WHAT YOU ARE ASKED TO DO:
Only the pictures are to be dropped, and the rest of the data should be copied exactly.

THE DATA:
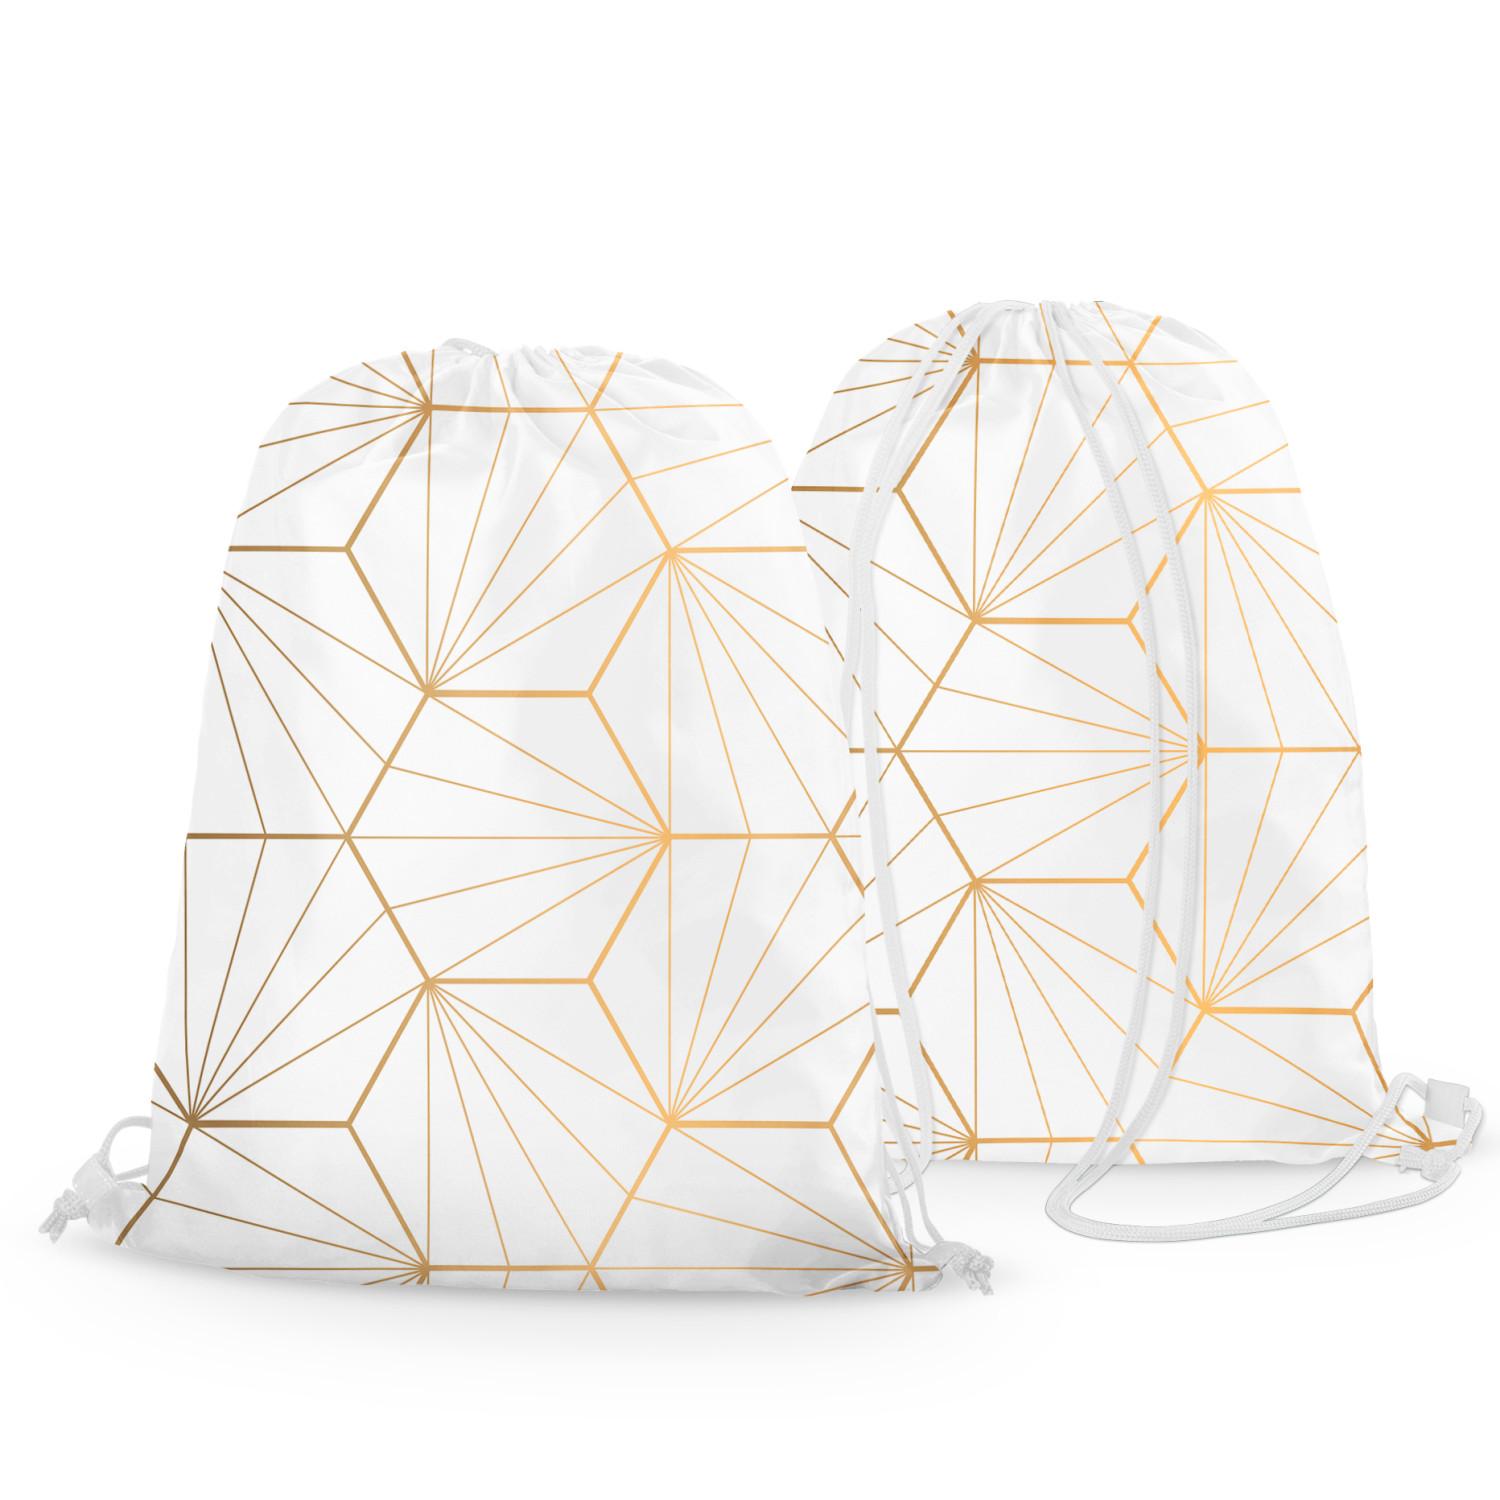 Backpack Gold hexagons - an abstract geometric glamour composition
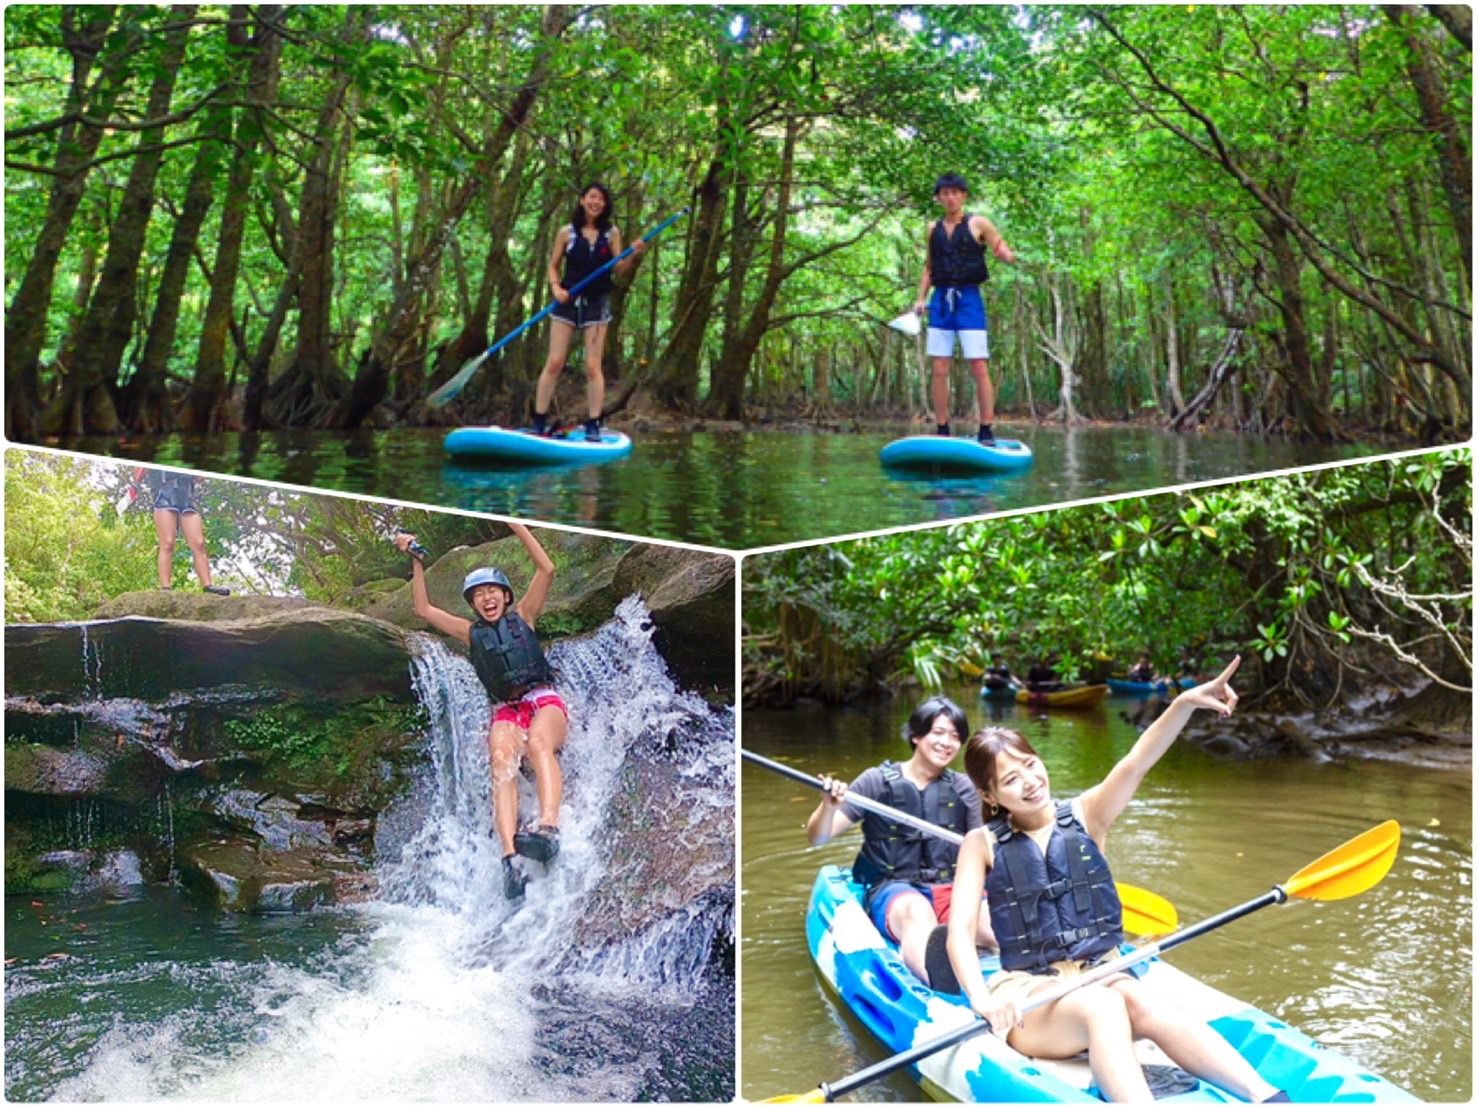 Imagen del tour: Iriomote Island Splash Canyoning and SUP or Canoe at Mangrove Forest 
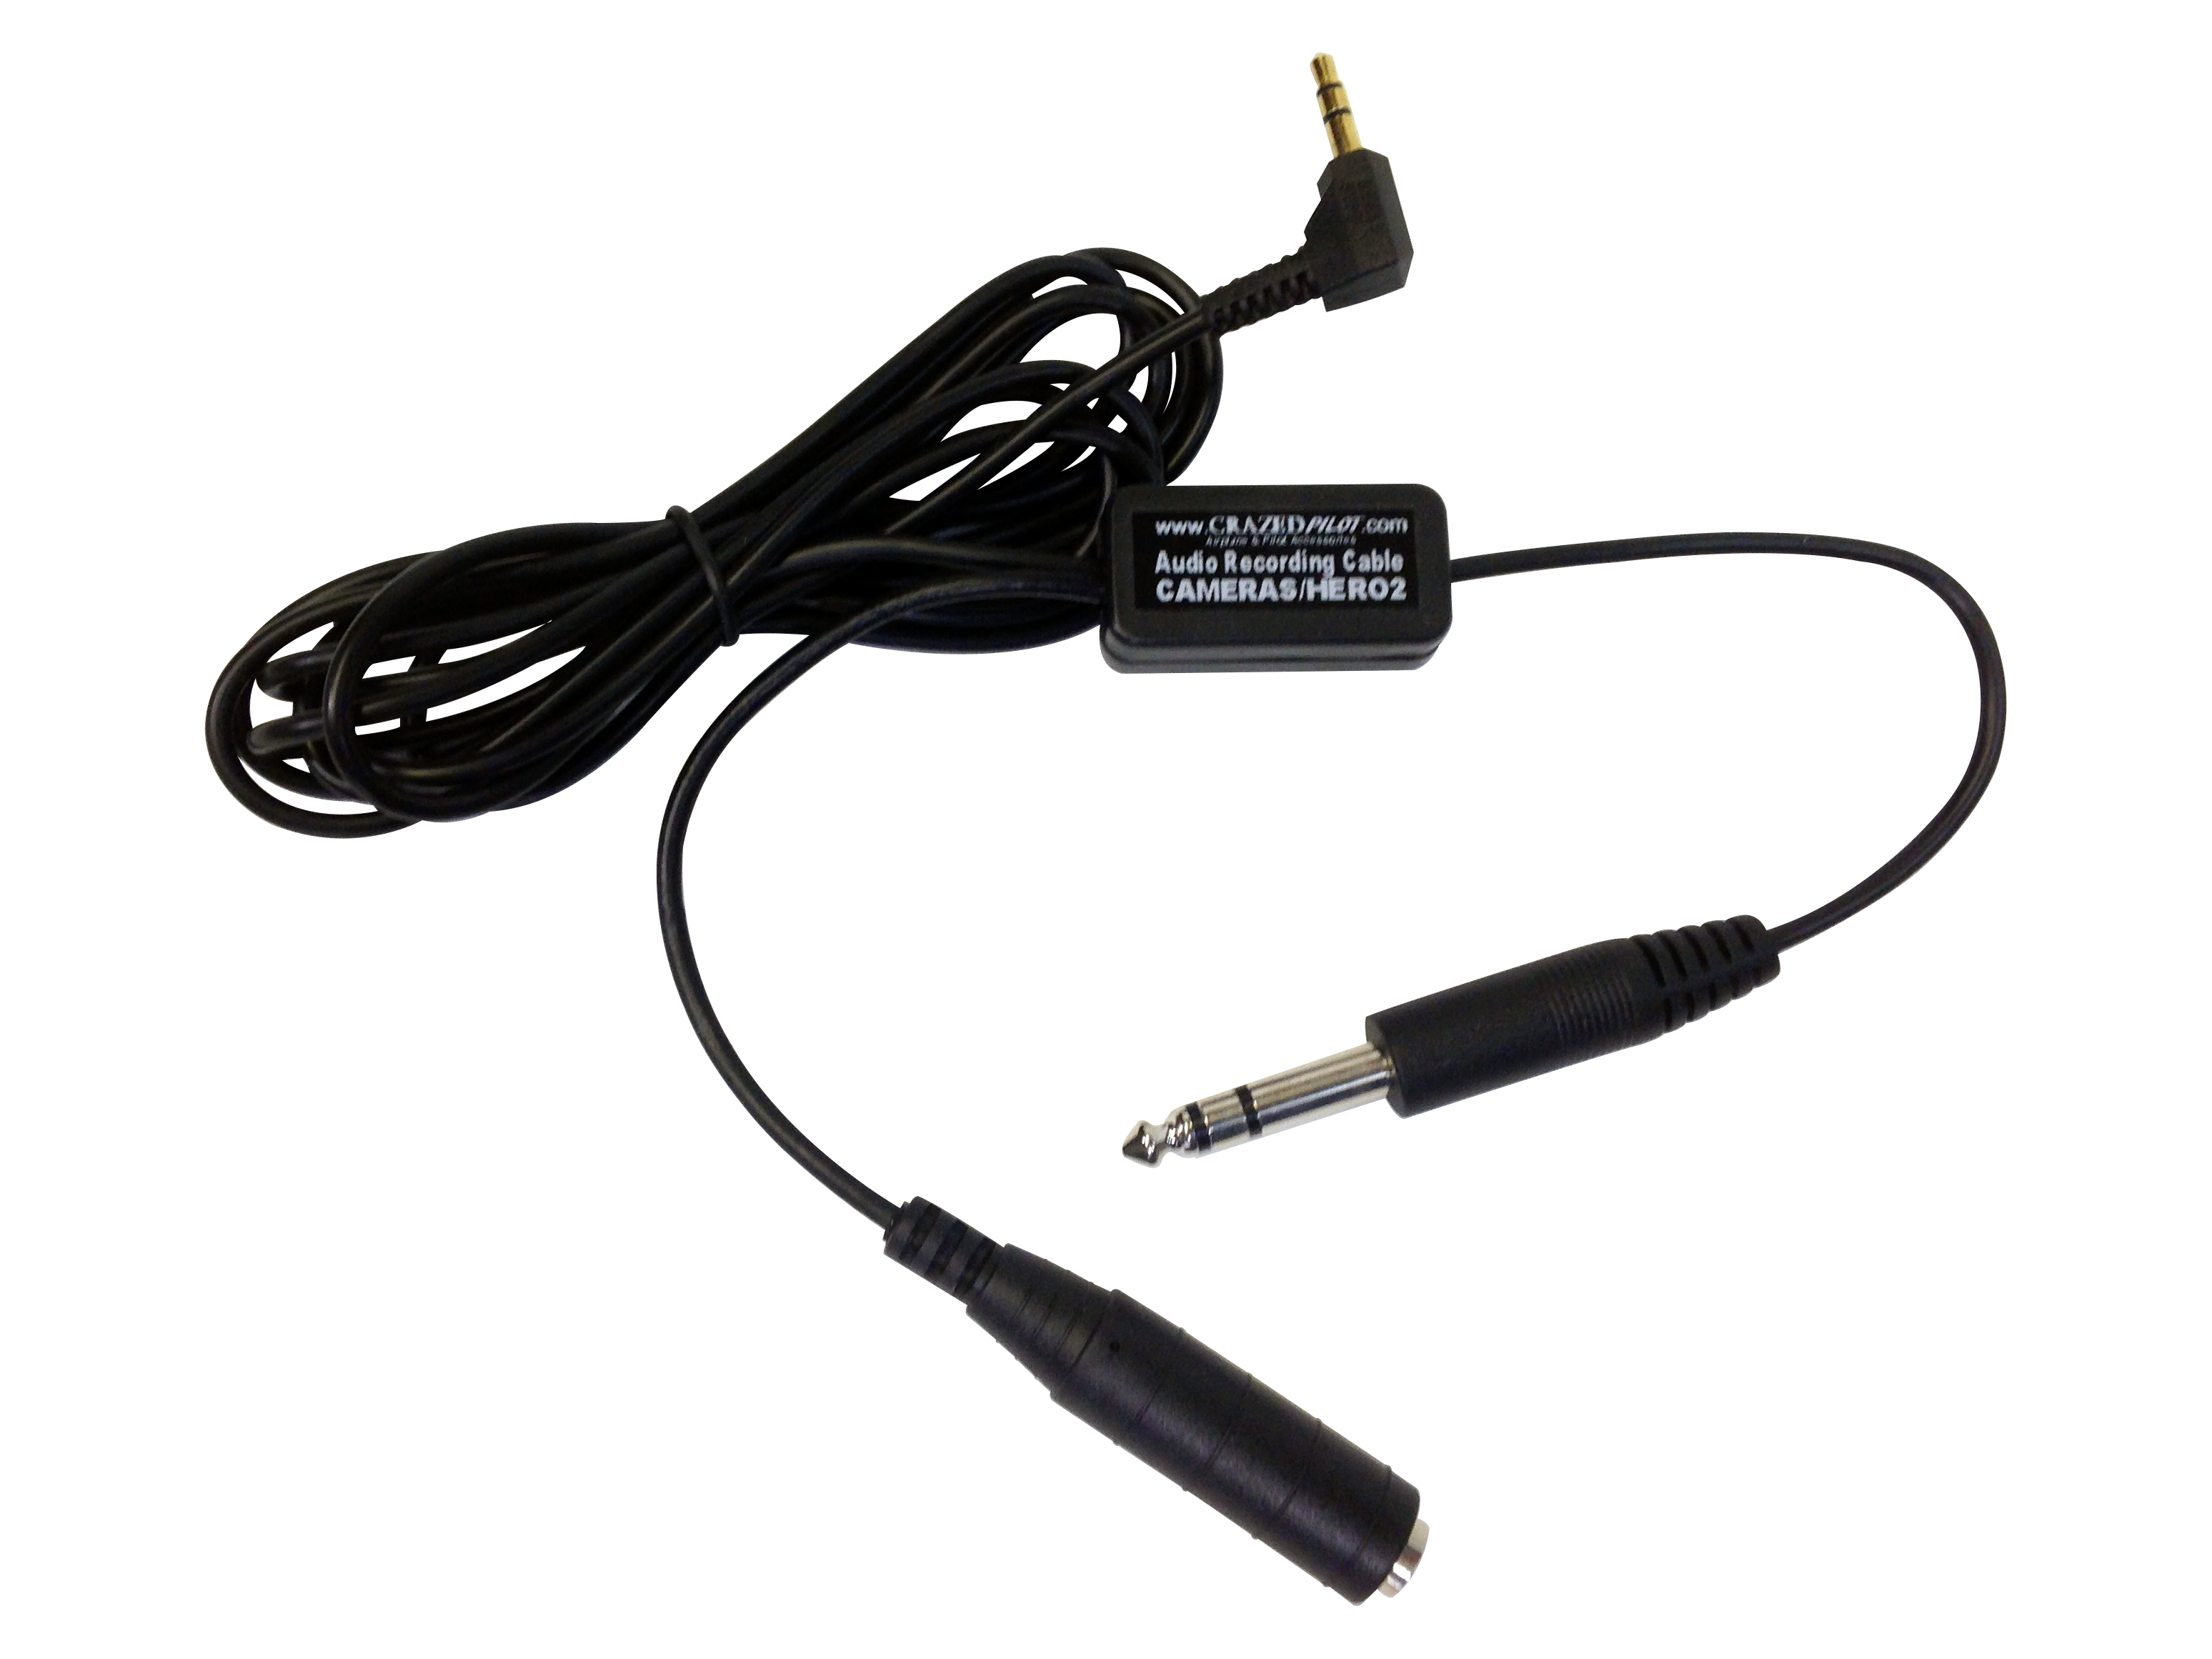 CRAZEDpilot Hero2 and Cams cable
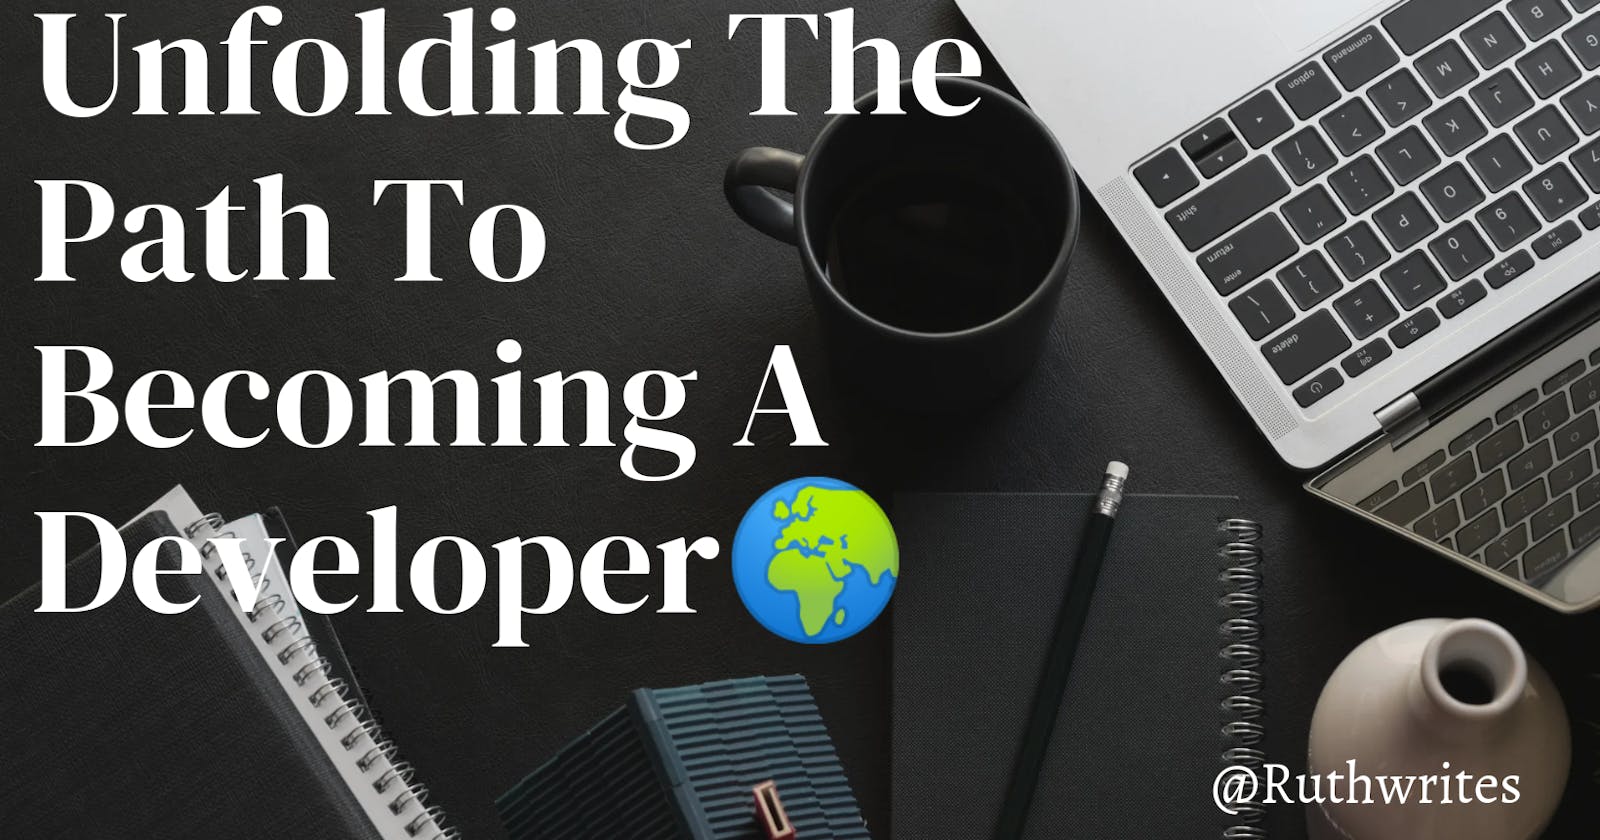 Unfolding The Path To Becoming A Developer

SOLUTION BELOW:
 Backpack Gold hexagons - an abstract geometric glamour composition
 Imagen del tour: Iriomote Island Splash Canyoning and SUP or Canoe at Mangrove Forest 
 CRAZEDpilot Hero2 and Cams cable
 Unfolding The Path To Becoming A Developer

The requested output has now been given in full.